- Problem to solve
Output nothing except the lines from the one containing "Hong Kong - Skyline (reload)" through the final line of the data, both included, typed exactly, minus the pictures.
Recorded data Block Start
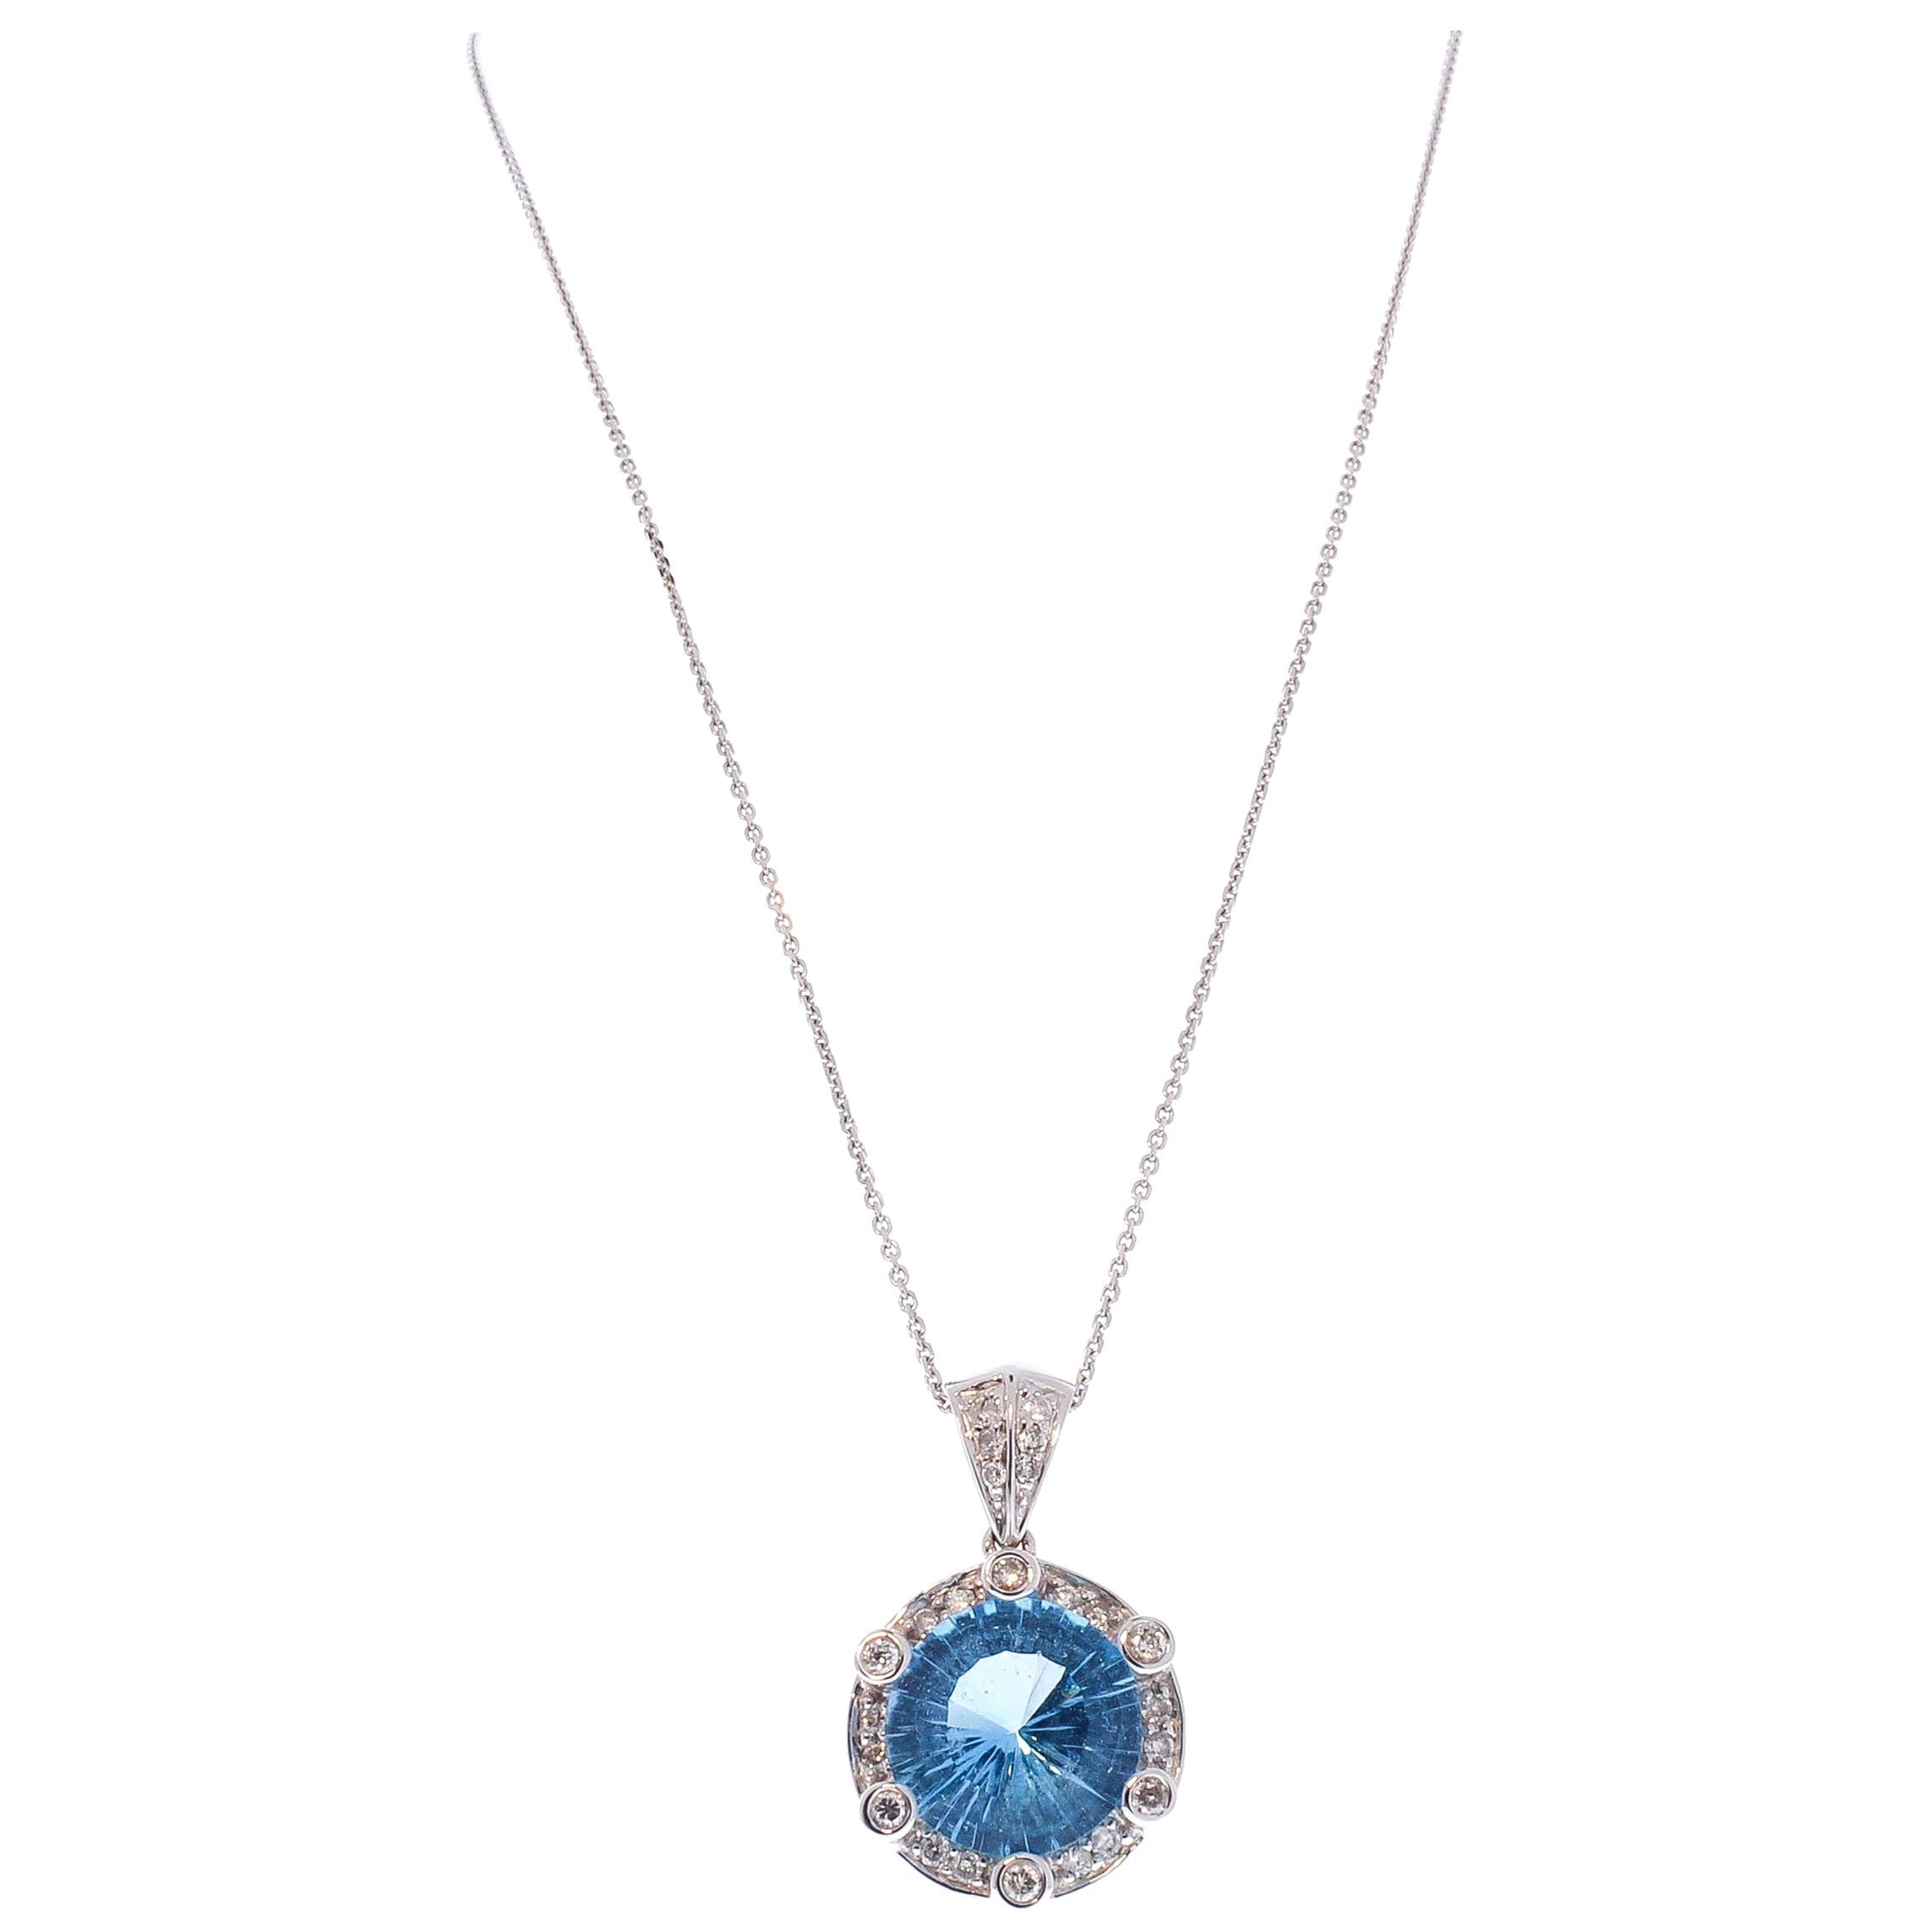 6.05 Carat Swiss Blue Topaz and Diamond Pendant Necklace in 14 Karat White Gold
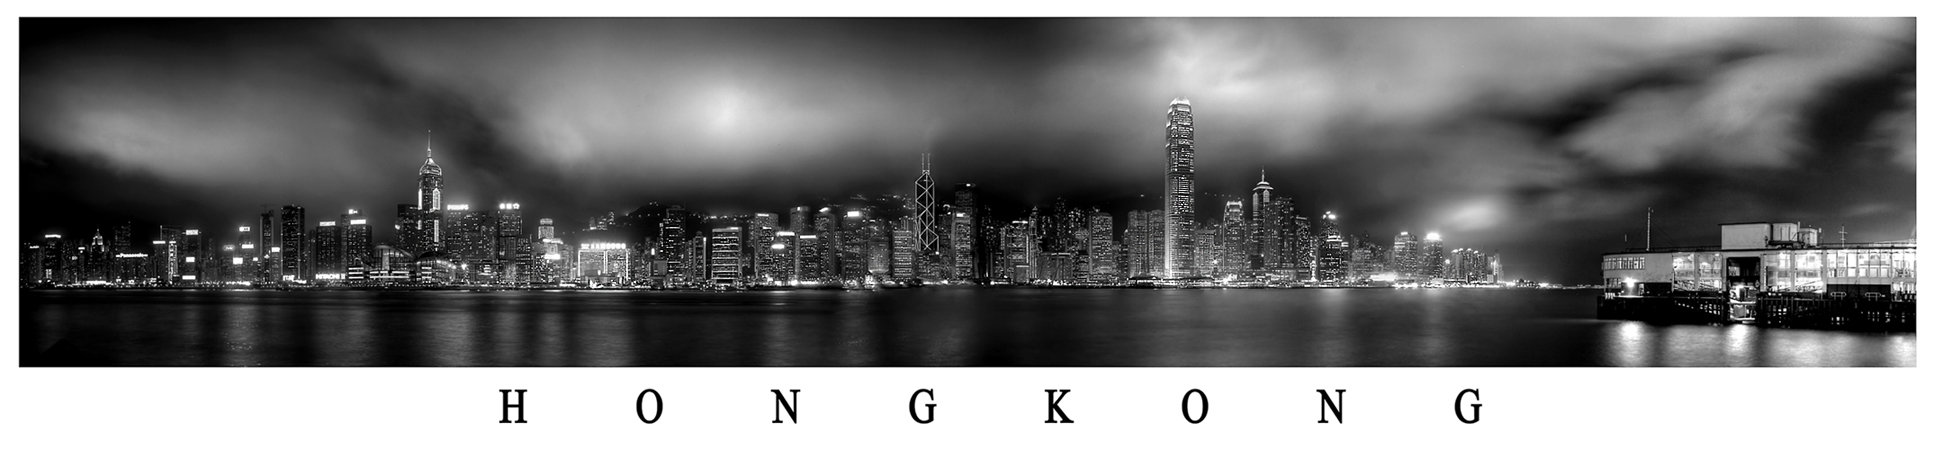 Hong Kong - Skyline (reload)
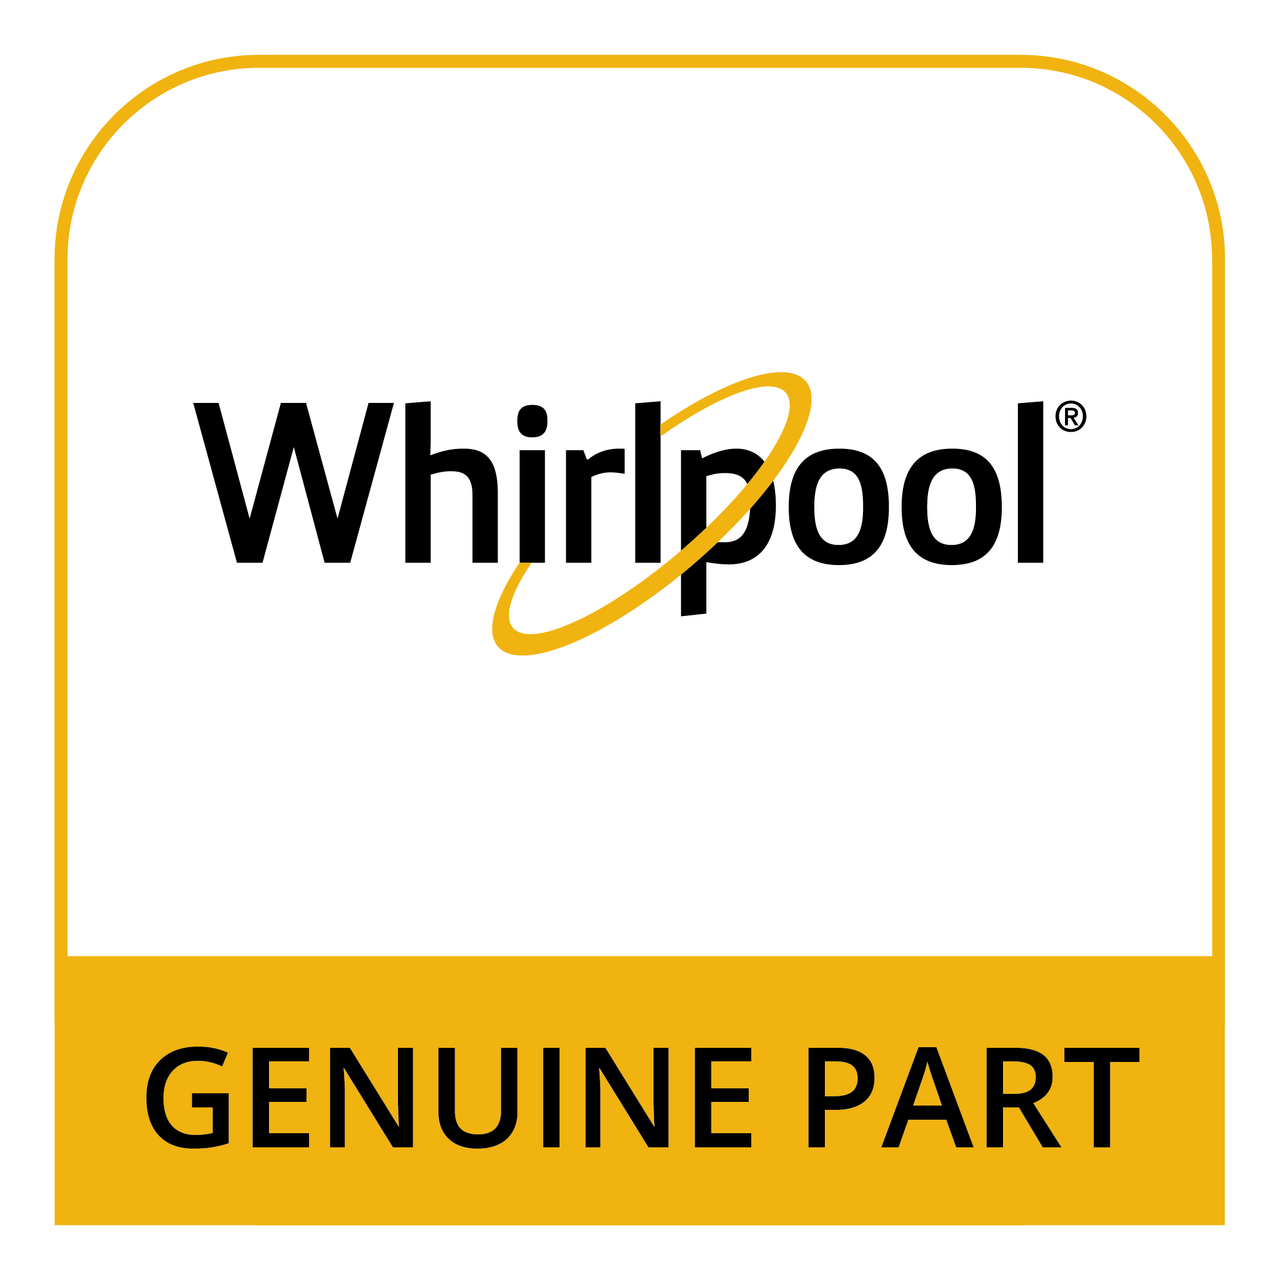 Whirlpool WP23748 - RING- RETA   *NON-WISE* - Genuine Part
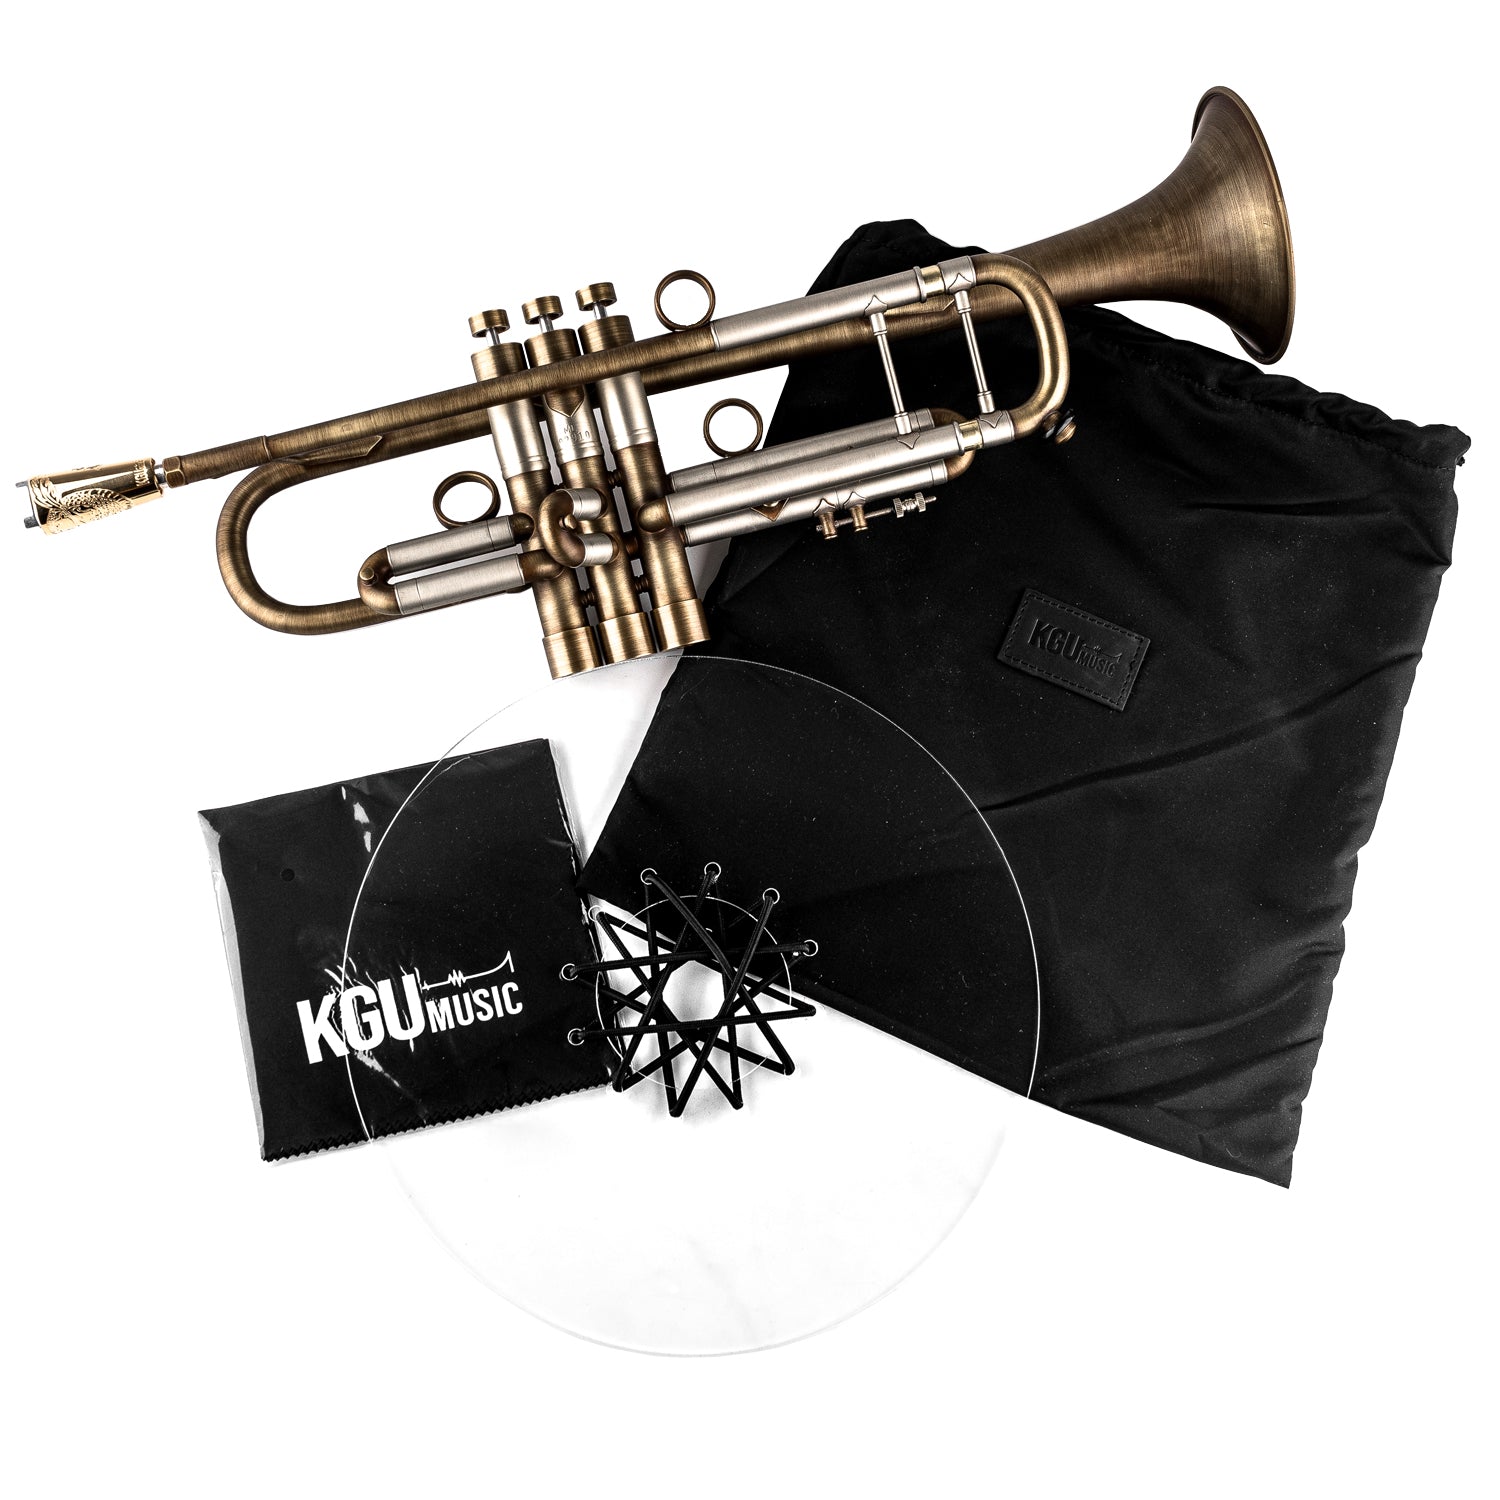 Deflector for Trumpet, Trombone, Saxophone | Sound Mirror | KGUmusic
Recorded data Block End
- Answer to the problem
 Hong Kong - Skyline (reload)
 Whirlpool WP23748 - RING- RETA   *NON-WISE* - Genuine Part
 Deflector for Trumpet, Trombone, Saxophone | Sound Mirror | KGUmusic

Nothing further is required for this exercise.